Cayenna Ponchione-Bailey, who produced Soroor’s latest track, is director of performance at Oxford University’s St Catherine’s College, and an academic specialising in orchestral music in Afghanistan. She is working with exiled Afghan musicians to write the first book on orchestral music in the country.
She says that while there is an “absolute ban on music”, its enforcement is likely “uneven”. It’s possible that, in less policed areas, people still listen to music and “engage in their traditional music practices” at home, but professional music-making has certainly been brought to a standstill, which will have long-term impacts on the country’s musical heritage.
“You can’t work – there are no weddings, no parties,” she told Index. “So you have people’s musical knowledge and skill-sets that are probably atrophying. Then they’re becoming impoverished because they don’t have alternative work opportunities.” This has lowered the “social status” of musicians, she said, to historically what it would have been when it was intertwined with “vices” such as alcohol and drug use.
She is particularly concerned about traditional musicians, who she says have been overlooked by European asylum schemes.

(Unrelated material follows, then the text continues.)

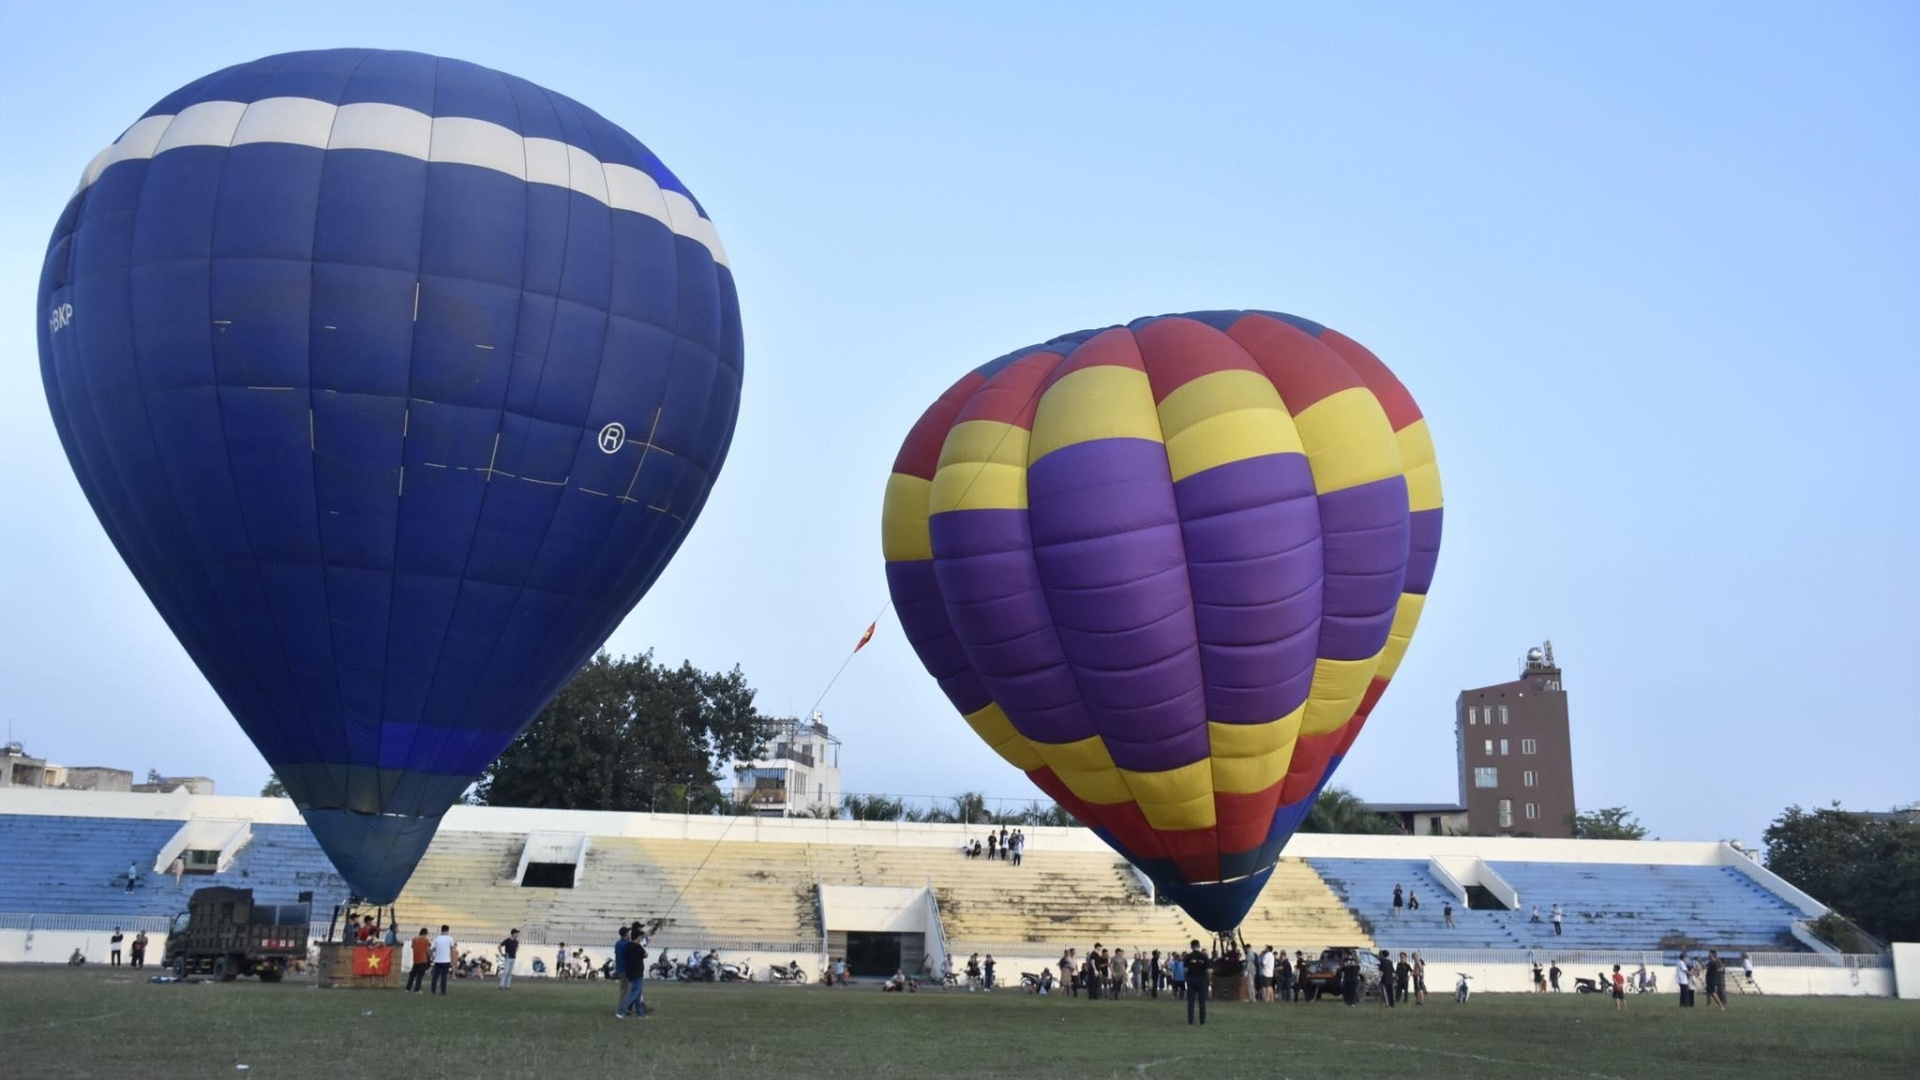 河内山西古城国际热气球节吸引许多游客前来参加

These have typically given preference to schools making orchestral music – or “Western” music – as they have stronger diplomatic ties with international orchestras, and their students are often better educated with stronger English language skills.
Music made using instruments such as the rubab, the tanbur and the dholak could be lost. She is calling for Germany, which has already established asylum schemes, to set up an Institute of Afghanistan Traditional Music, which could become an international hub for the art form and could help to “potentially get more people out of the country to teach”.

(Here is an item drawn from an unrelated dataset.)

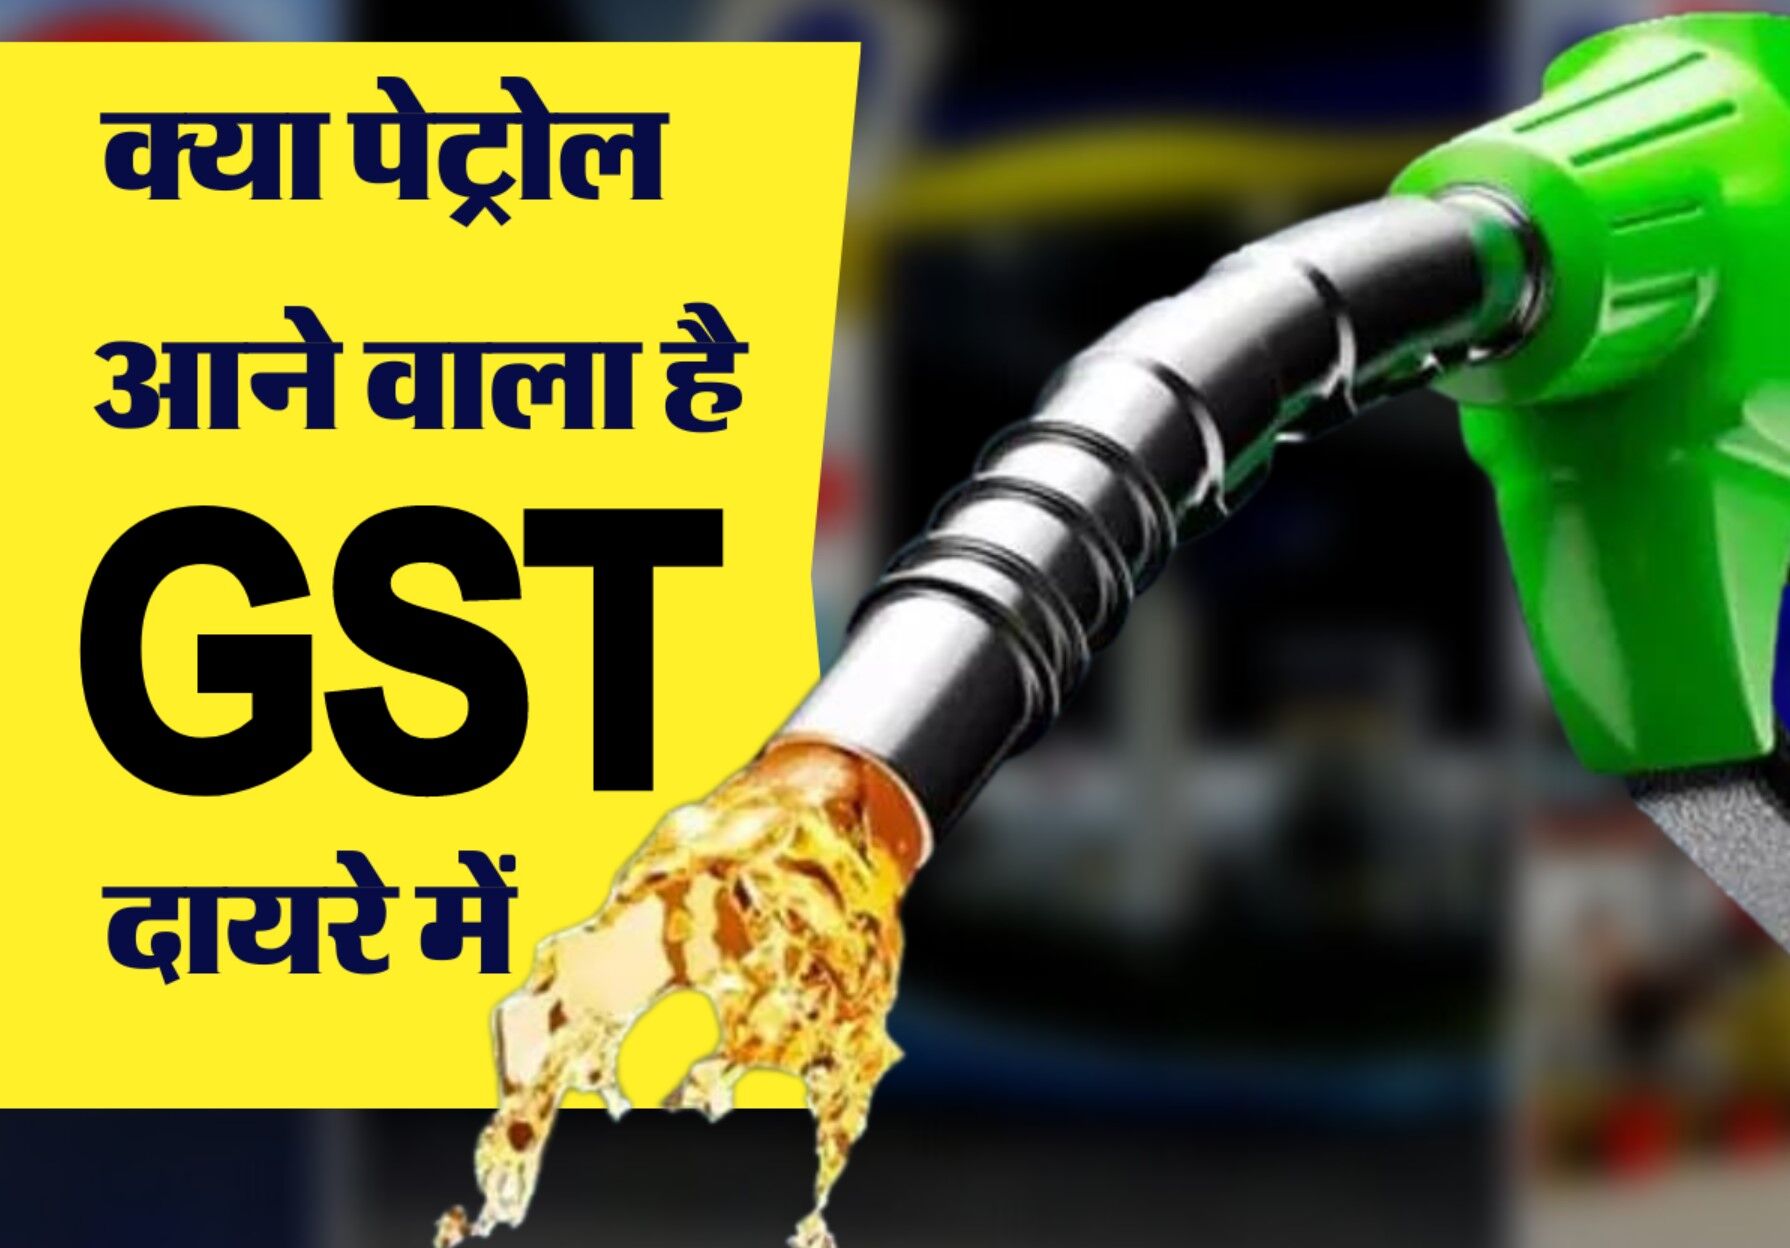 Petrol Under GST: केंद्र सरकार पेट्रोल-डीजल को जीएसटी के दायरे में लाने को तैयार, अब राज्यों की बारी:जानिए क्या होगा आपकी जेब पर असर

Artists who made “modern” music, such as rock and pop, also remain stranded in the country. One singer-songwriter and guitar player spoke to Index anonymously. He taught himself the guitar after practising on his father’s dotar. His income stream from music has completely stopped. While he sees music “as a way for great social and cultural change, rather than for money making”, that too has been curtailed.
Having a public profile as a musician is now “almost equal to signing my death certificate”, he said. He has endured threats and physical attacks, and the situation has severely impacted his mental health. “I spend every day with worry and every night with fear, and sometimes I jump from sleep,” he said. “The mental problems that have been created for me are sometimes unbearable. I am always worried about being arrested, killed or tortured.”

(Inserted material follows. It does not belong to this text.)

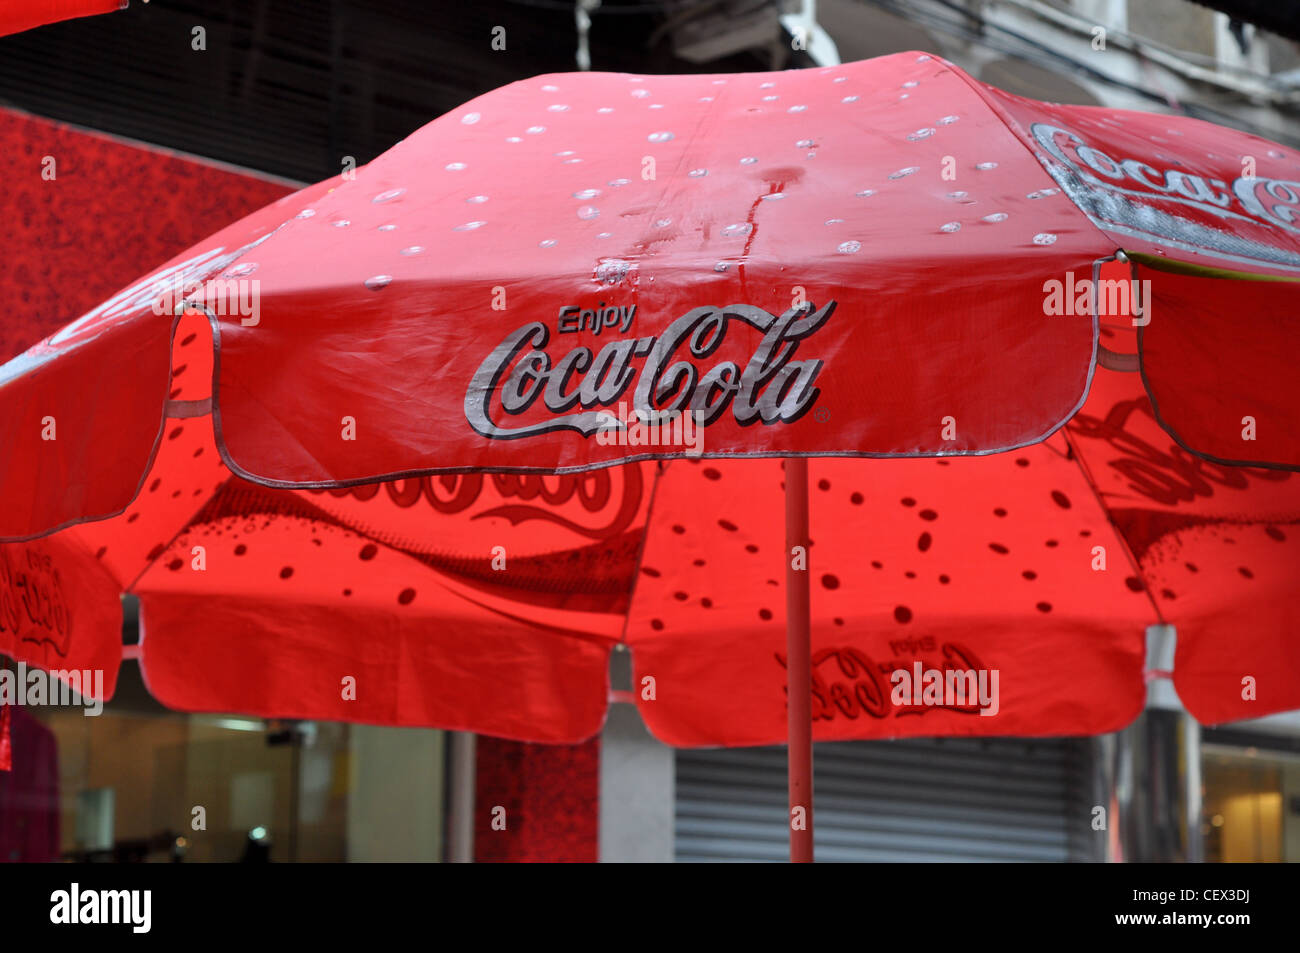 Coca cola umbrella immagini e fotografie stock ad alta risoluzione - Alamy

Prior to 2021, he would perform for events like International Women’s Day. He hopes that one day girls and women can “study freely and play music, and not be deprived of their basic rights”.
“The absence of music and art has caused freedom of expression to disappear, creativity in culture and art to decline, and national and cultural identity to be weakened,” he said.
Those who have fled Afghanistan have been torn away from their home country, but are still beating the drum for progress and equality. Sarmast, of the Afghanistan National Institute of Music, says that the international music community must work together to raise awareness of the cultural destruction and “gender apartheid” that is happening, and put pressure on the Taliban to restore human rights, of which he believes access to music is one.
As Afghan musicians live in the shadows, those in exile continue to raise awareness of their plight. But there is a real risk that the rich musical heritage of the country will be forever silenced if the world doesn’t continue to campaign for its right to exist.